Is there a Better Approach? One way to find out!
Call NCP Today at
1-800-351-5111 and
Let Our Vast Network of Professionals Help You!
As with most asset protection techniques, equity
stripping works best when it is done in a "quiet period" in advance of any creditor claims (i.e., the transaction
is "old and cold" by the time the creditor comes knocking
at the door). However, there are some ways -- albeit with more
expense and risk -- to make this work in the face of creditor
attack.
Spousal Stripping
This is the most common technique; it is also
the worst. Here, you simply quit-claim over to your spouse your
interest in the property.
Advantage: Cheapest
way to do this.
Disadvantage: Most
creditor attorneys are knowledgeable of this technique, and
look for it.
Disadvantage: You
spouse may divorce you, leaving you with no interest.
Disadvantage: A
court may consider this to be a fraudulent transfer and just
ignore it.
A letter we received which illustrates the pitfalls
of spousal stripping:
Can you give me a little advice?
A quitclaim deed was signed, signing the house
over to my wife to avoid a support lien. Now we are divorcing
and she wants me out of HER house.
I would rather have a lien on the house than
have no house but I don't want to go to jail for signing the
house to her to avoid the support lien.
Thank you.
[name withheld to protect privacy of correspondent]
Uncontrolled Bank Stripping
Taking a (first or second) loan from a bank
is the easiest and most common way to equity-strip property.
You now have the cash, which being liquid is much easier to
protect from creditors than real property, and when the cash
is invested it will hopefully grow at a rate higher than your
mortgage interest and associated mortgage costs.
Advantages:
- You can get a home-mortgage deduction.
- Not likely to be considered a fraudulent transfer,
if the bank has no notice of any pending claims or judgments
against you and no lien has been filed against the property.

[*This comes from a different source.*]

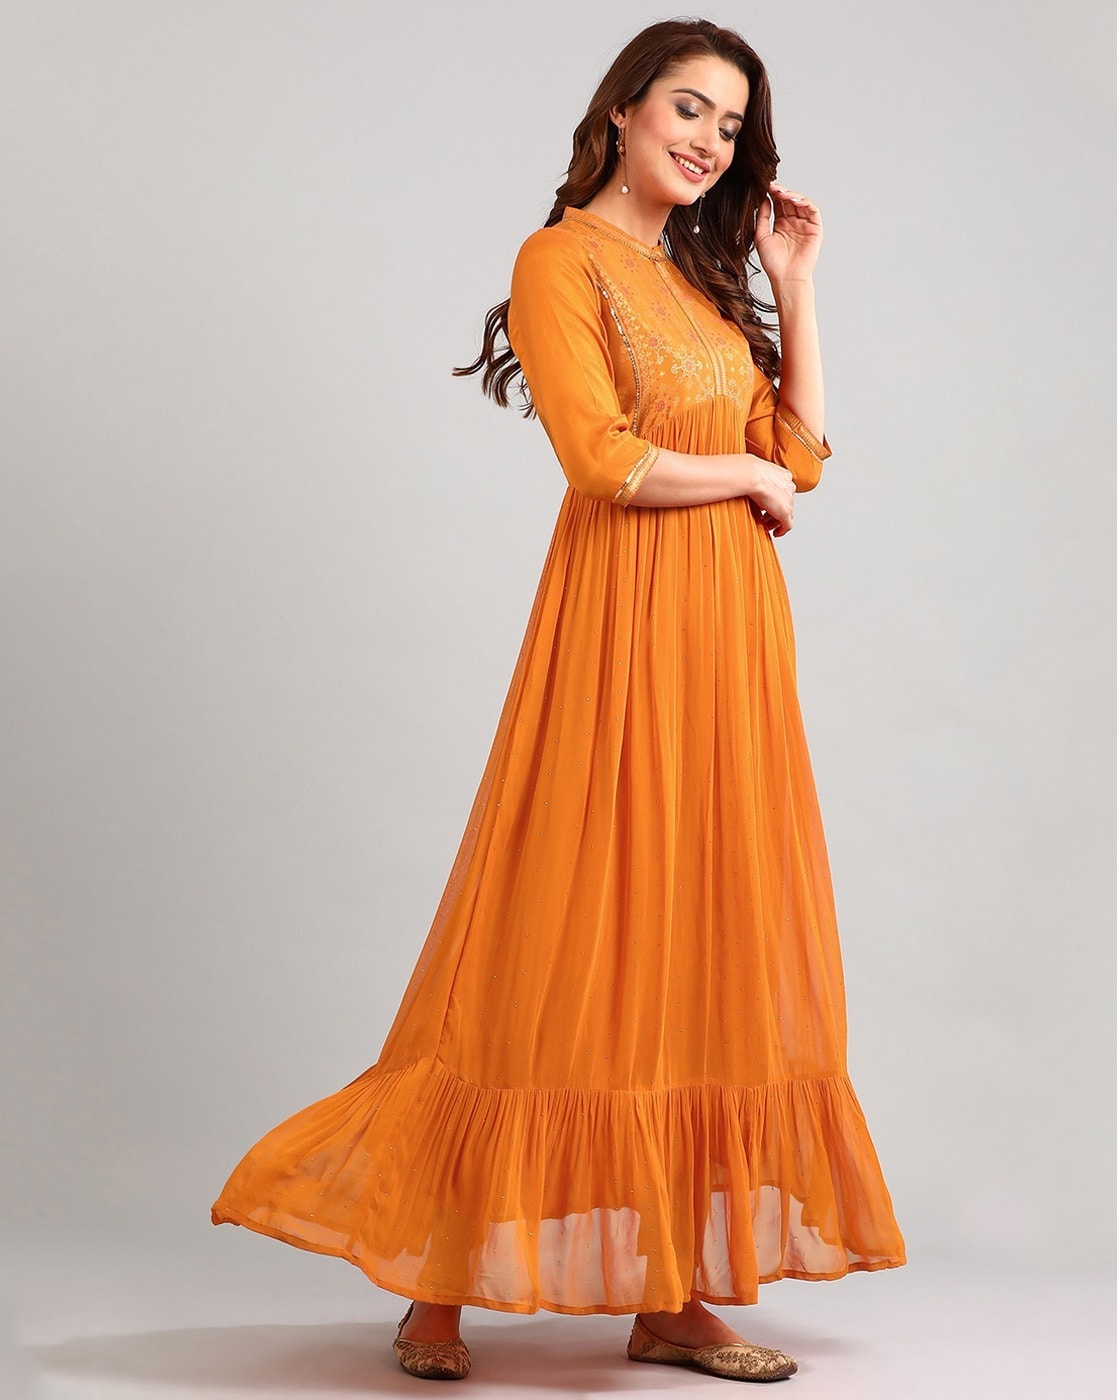 Shop Orange Color Indian Gown Online at Best Price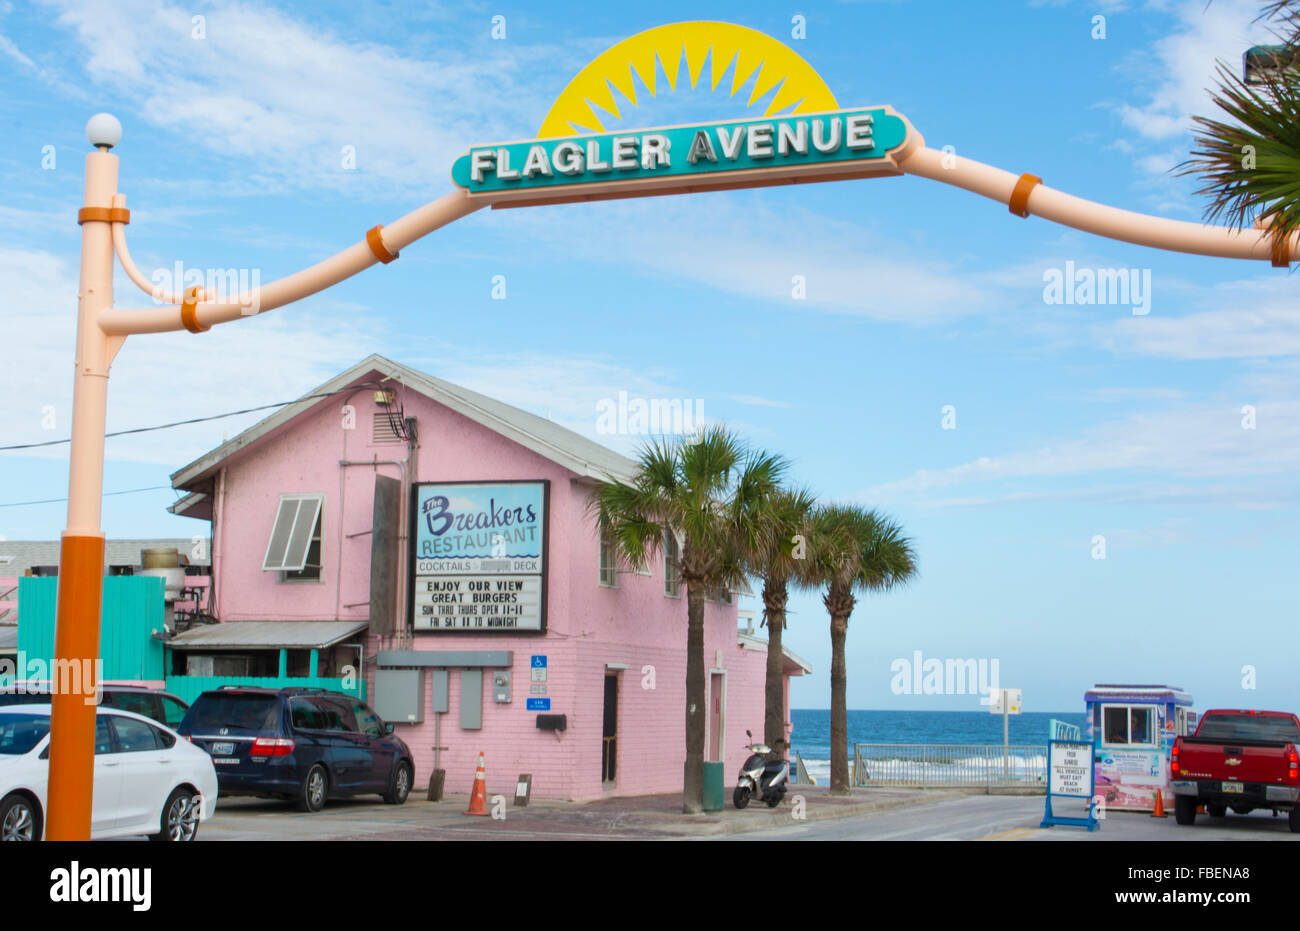 New Smyrna Beach Florida famous Flagler Avenue entrance to drive on

- Creditor has to ponder whether or not any equity
will be left over from liquidation of the property, since the
creditor is second in line and will not receive a cent until
the first mortgage is paid off and all expenses of liquidation
and sale are paid.
Disadvantages
- You essentially surrender control to the bank.
If you don't make payments to the bank on the note (keeping
in mind that you will probably be denying to a creditor that
you are liquid), they bank will foreclose whether or not you
desire foreclosure.
- The bank probably will probably only give you
a loan for 80% of your equity (since the bank will be concerned
about fluctuations in property value and liquidation costs),
so you will probably leave 20% unprotected. If the creditor
forces liquidation, you will lose this unprotected equity and
any appreciated value.
- If your liquid cash derived from the loan does
not grow faster than your mortgage rate plus costs, then economically
you will be a net loser.
NCP NOTE MOST REAL ESTATE HAS LOANS CONTROL IS RETAINED BY UTILIZING THE FUNDS LOANED TO BE IN A
POSITION TO MAKE THE LOAN PAYMENTS; WITH RESPECT TO THE 20%
UNPROTECTED, THIS CAN BE OVERCOME AND CERTAINLY IS BETTER THAN
BEING 100% UNPROTECTED
Controlled Bank Stripping
The best way to equity-strip property is use
a controlled entity to fund or back the bank's loan.
Advantages:
- You can get a home-mortgage deduction.
- You indirectly maintain complete control on
whether the property will be sold to satisfy the mortgage.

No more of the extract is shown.